The merchant cash advance industry has experienced a significant growth in recent years, as banks have tightened credit and more and more small-business owners have sought quick cash without going through a difficult loan application process. A merchant cash advance costs a borrower more than a loan, but the ease with which it can be obtained and the attractive repayment scheme, where a fixed percentage of the daily credit card sales is collected until the advance is recovered, typically in less than 12 months, makes them highly appealing. Businesses that can benefit most from them are those new to the market or those have a poor credit rating and no collateral and find themselves in need of a significant sum to cover some unpredicted expenses or take advantage of an unexpected opportunity.

High Rates and Fees

The true interest rates of the merchant cash advance industry, usually referred to as the annual percentage rates or APRs, have traditionally been significantly higher than standard loan rates. Merchant cash advance providers can easily charge over 50% APR, with some going so far as to charge 200% APR. These high rates mean that businesses that request advances often have to repay thousands or even tens of thousands of dollars on top of the sums they’ve borrowed. Also, most providers feature an originating fee that’s taken from the actual sum borrowed (can be anywhere from 2% of the borrowed sum to over 10%) as well as monthly servicing fees (around $10 or more), which further increase the true cost of a merchant cash advance.

High Availability

Exorbitant as the interest rates may be, the fact that merchant cash advances can be obtained in just a matter of days and can be paid directly from credit card sales makes them a viable option for many businesses. Merchant cash advances are the last resort for some small businesses that need them to get out of difficult situations or merely as working capital to survive. Also, providers are known for their open policy, in that they really accept candidates that no bank would ever consider offering a loan to. Even businesses with really bad credit and no collateral can benefit from merchant cash advances, so long as their monthly credit card sales reach the provider’s minimum requirement.

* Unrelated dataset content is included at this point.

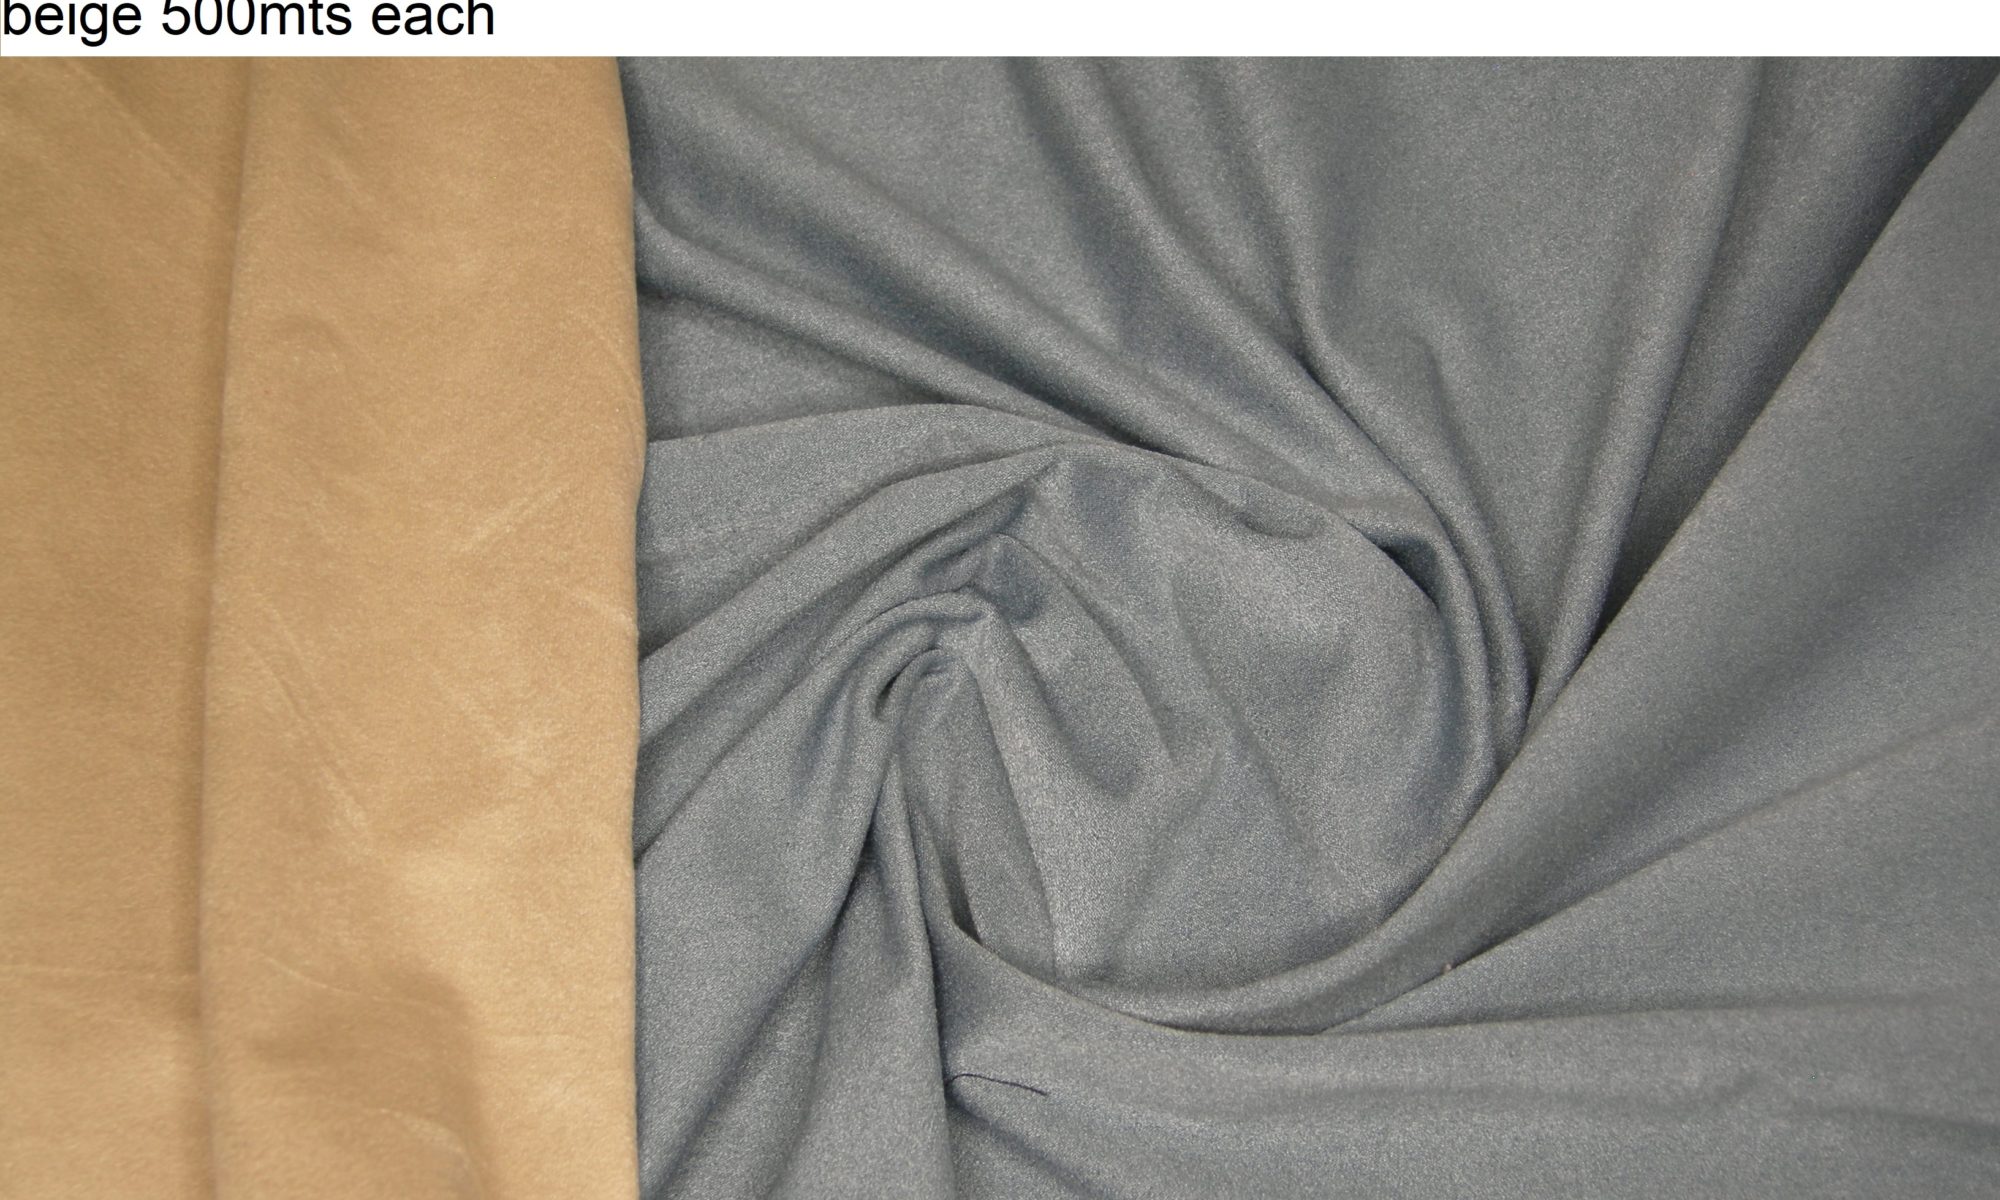 7743 jersey knit suede jacket skirt trousers fabric WIDTH cm160 WEIGHT gr280 - gr175 square meter - COMPOSITION 100 polyester - blue and beige 500mts each

Choosing Providers With Care

Merchant cash advances fuel a multi-billion-dollar industry and, so long as the credit remains tight, they are likely to continue to be in high demand, at least among retailers, services, and restaurant businesses, for which credit-card sales constitute a large portion of their revenues. That said, it’s important for businesses to consider carefully the terms of an advance and to look for a reliable provider with appealing rates. Advances are not loans but purchases and sales of future income, which means that they are not bound by the laws that put caps on interest rates or regulate lenders. In other words, the merchant cash advance industry can be a dangerous playground for businesses that don’t choose a reliable provider with reasonable rates.